** Instructions for the task **
Your copy runs from the line containing "Hazy conditions in 2019." through the last line of the listing, both included. Restate those lines word for word and leave out pictures.

** Information supplied **
====

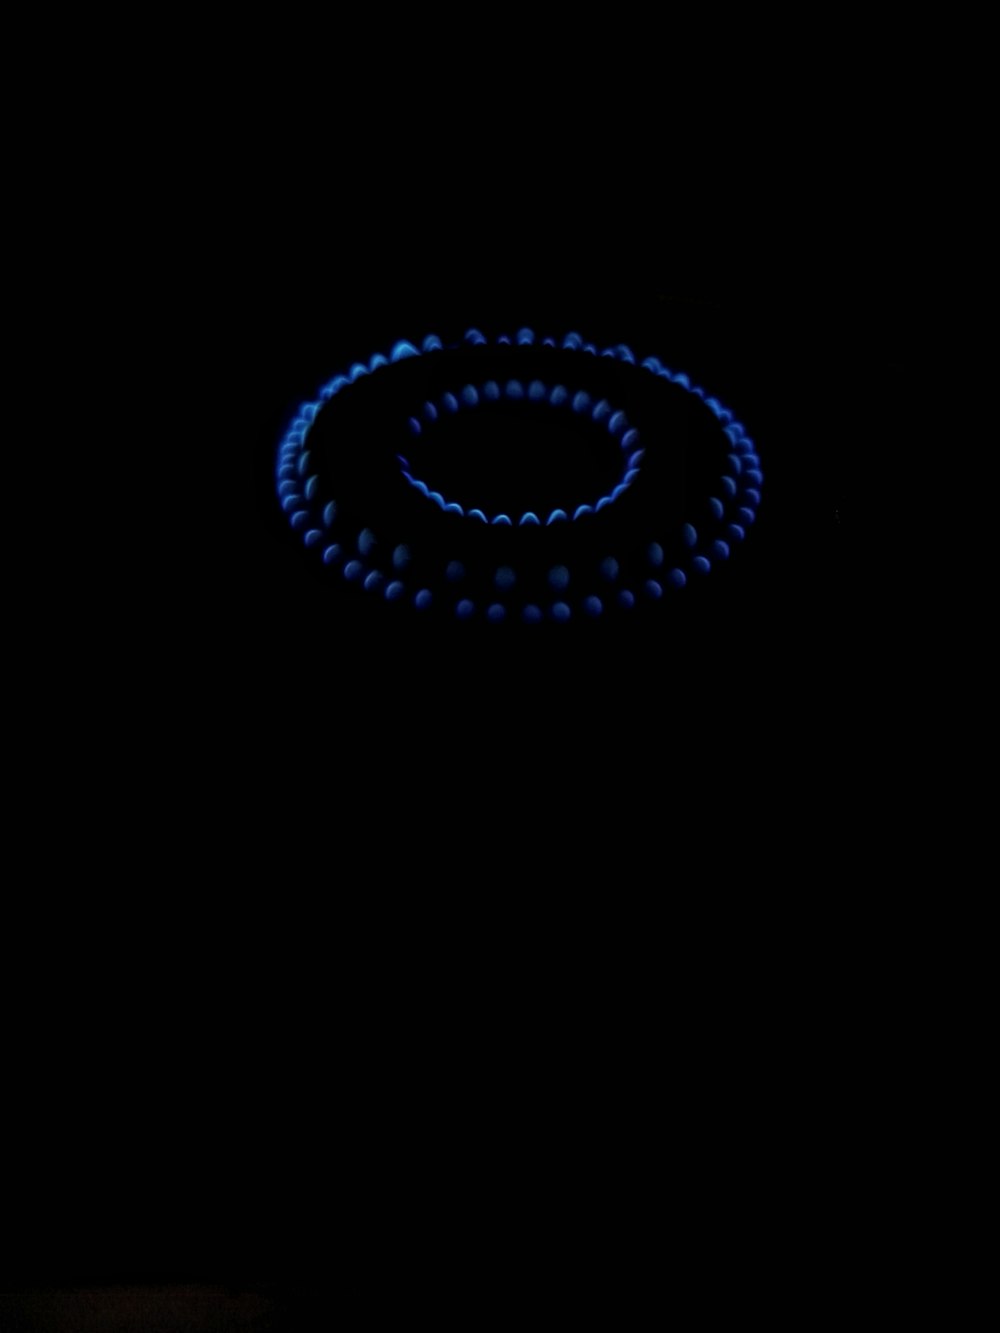 um fundo preto com um anel azul no meio
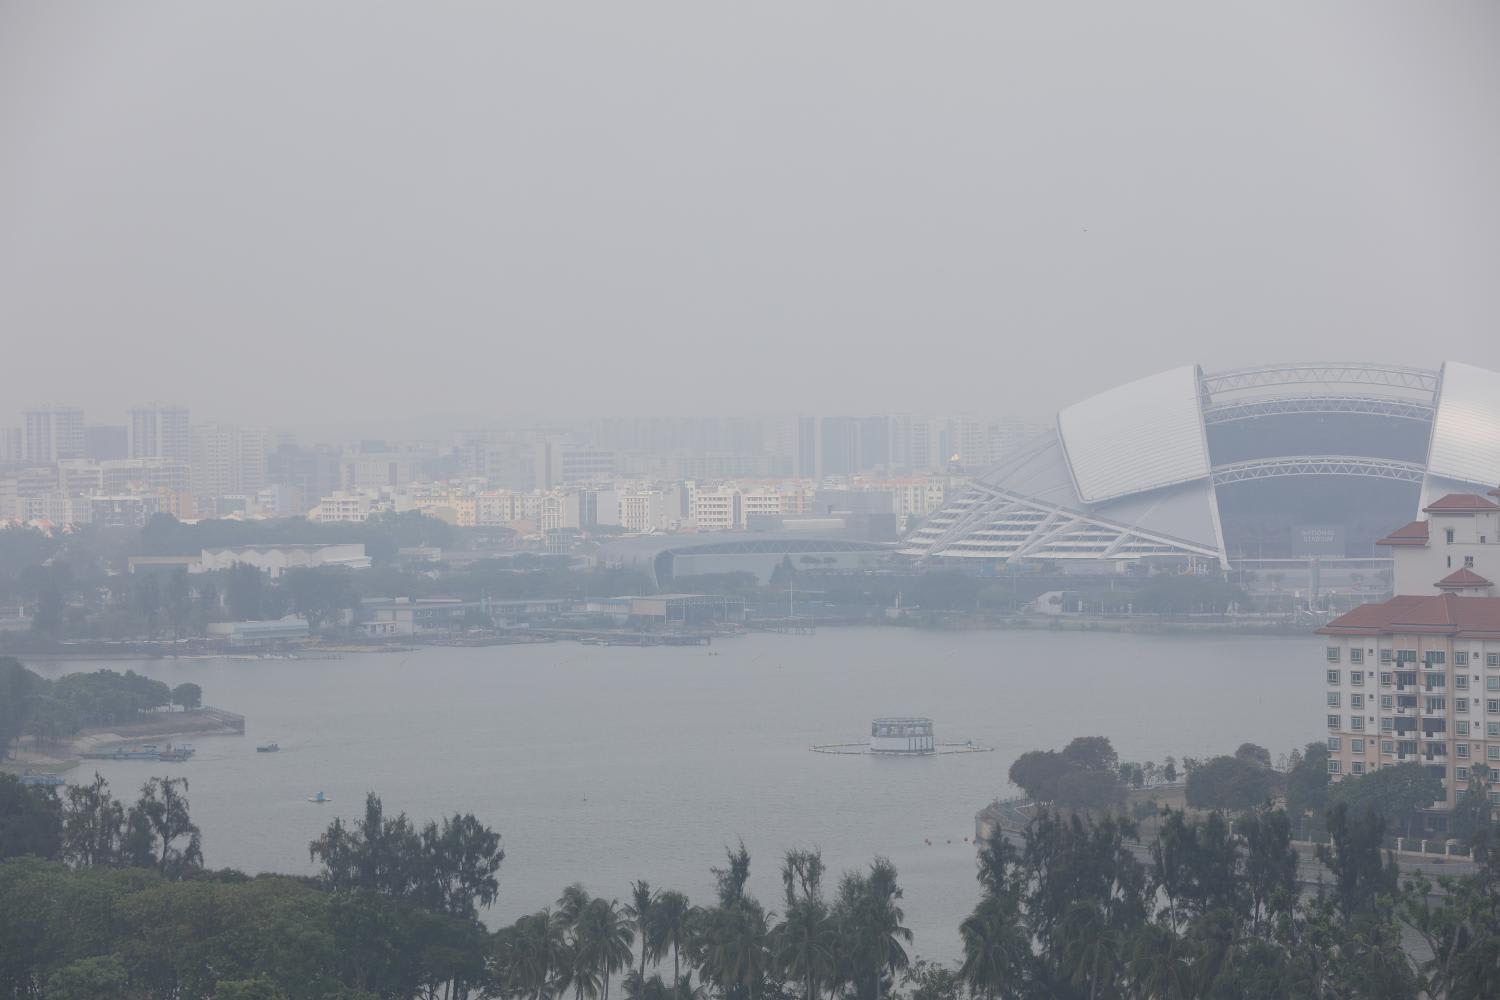 Hazy conditions in 2019.
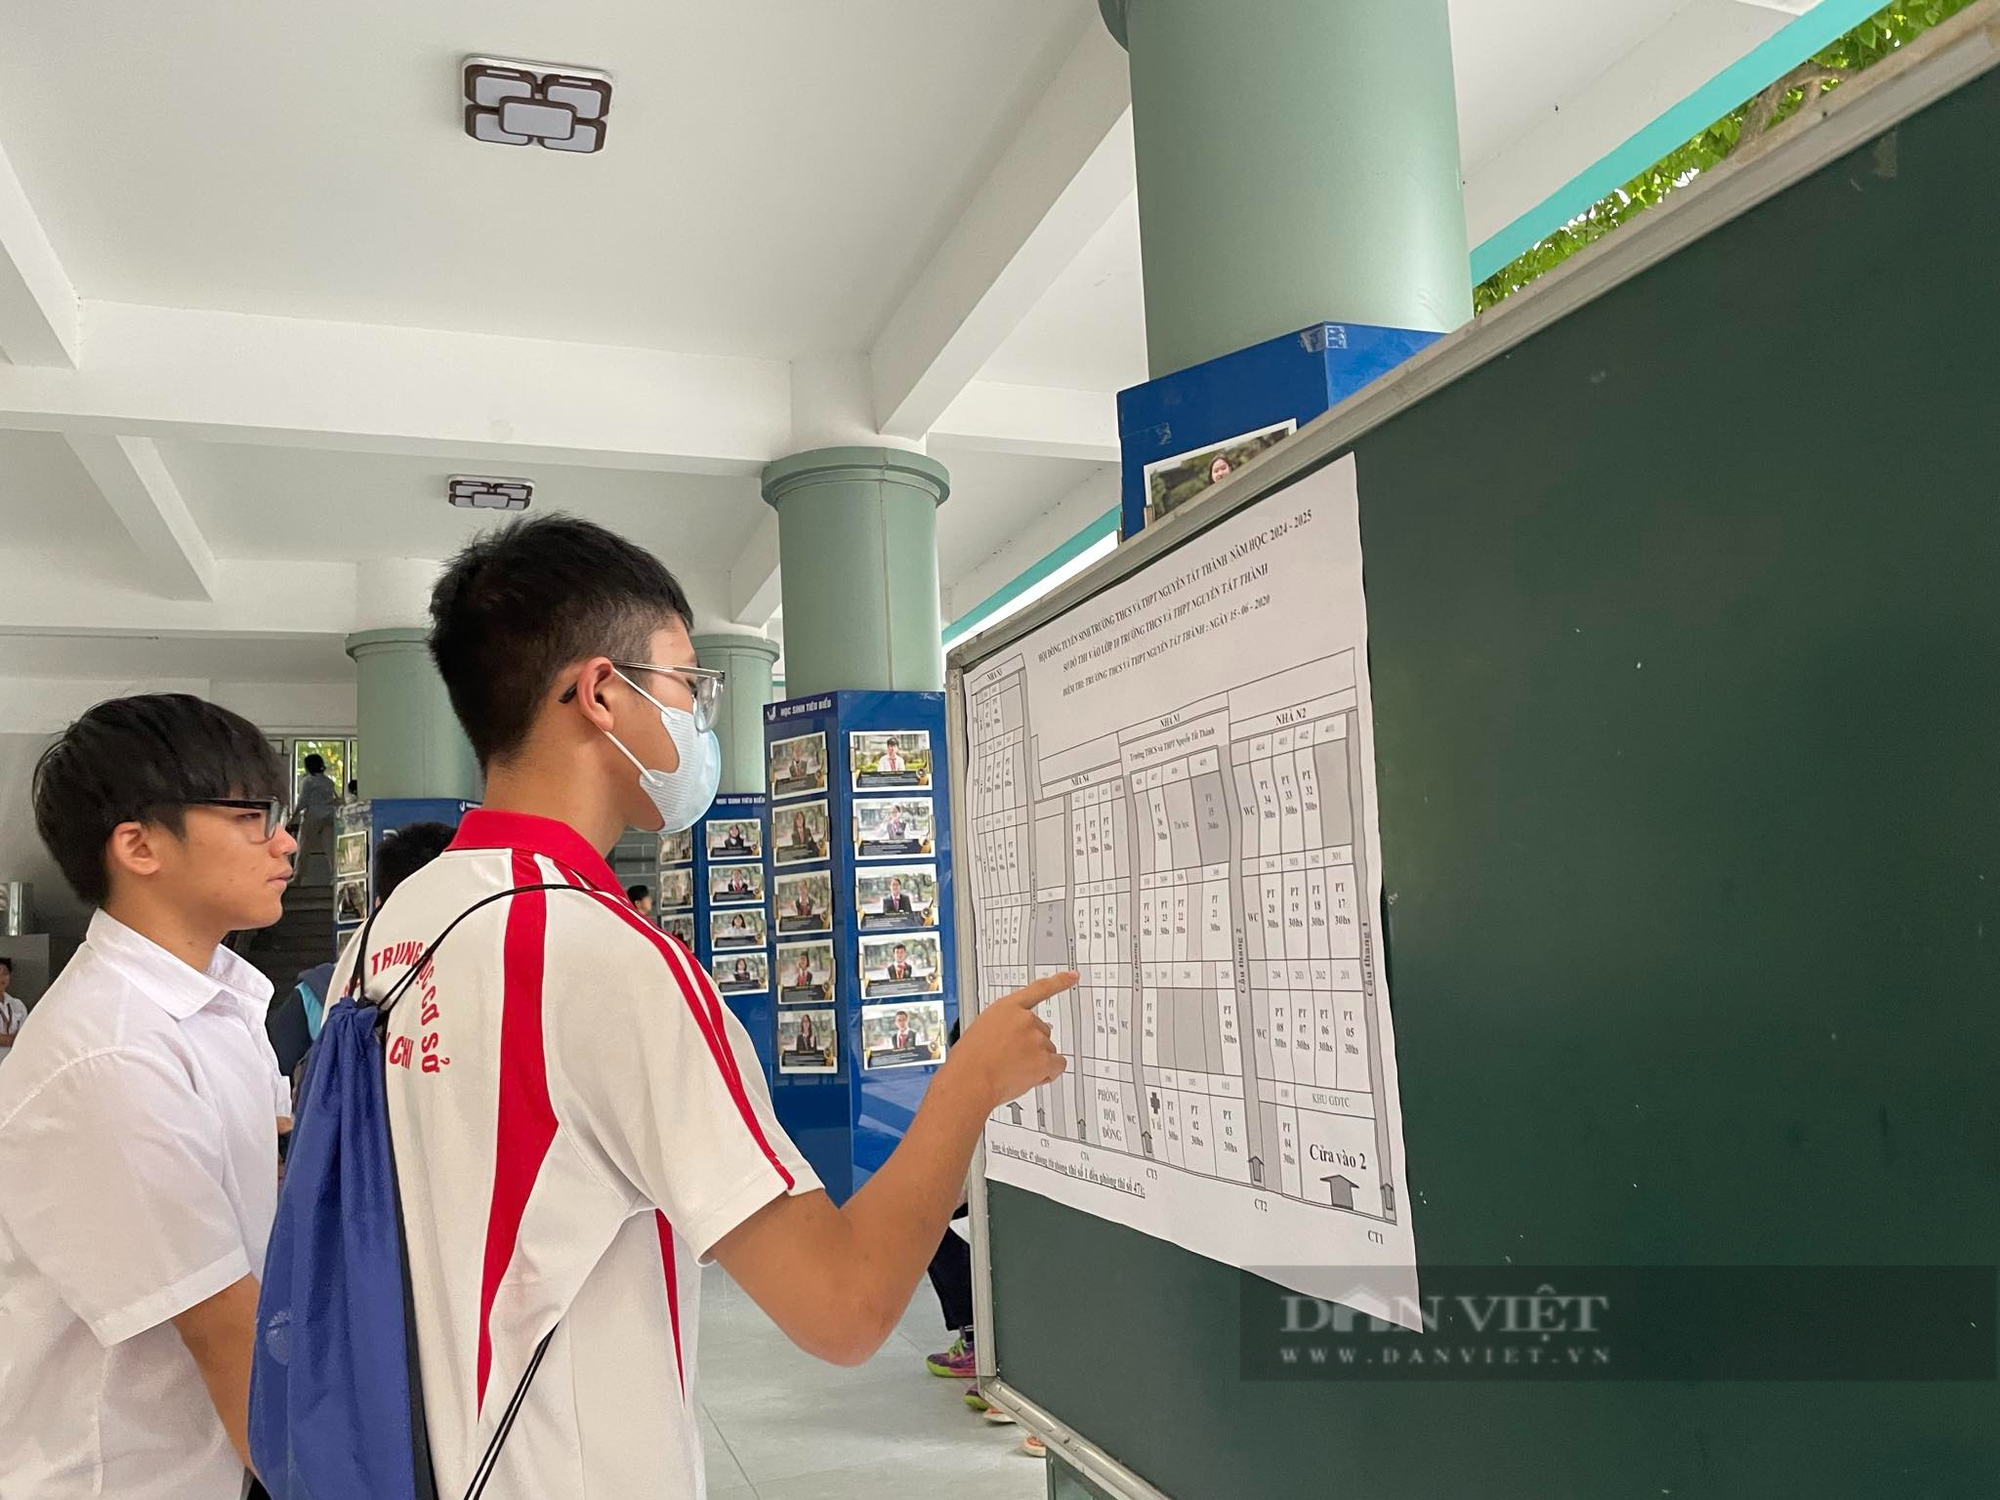 Trường cuối cùng ở Hà Nội tổ chức thi lớp 10: Tăng chỉ tiêu nhưng tỉ lệ chọi vẫn cao "chóng mặt"- Ảnh 2.

====

** Exercise response **
 Hazy conditions in 2019.
 Trường cuối cùng ở Hà Nội tổ chức thi lớp 10: Tăng chỉ tiêu nhưng tỉ lệ chọi vẫn cao "chóng mặt"- Ảnh 2.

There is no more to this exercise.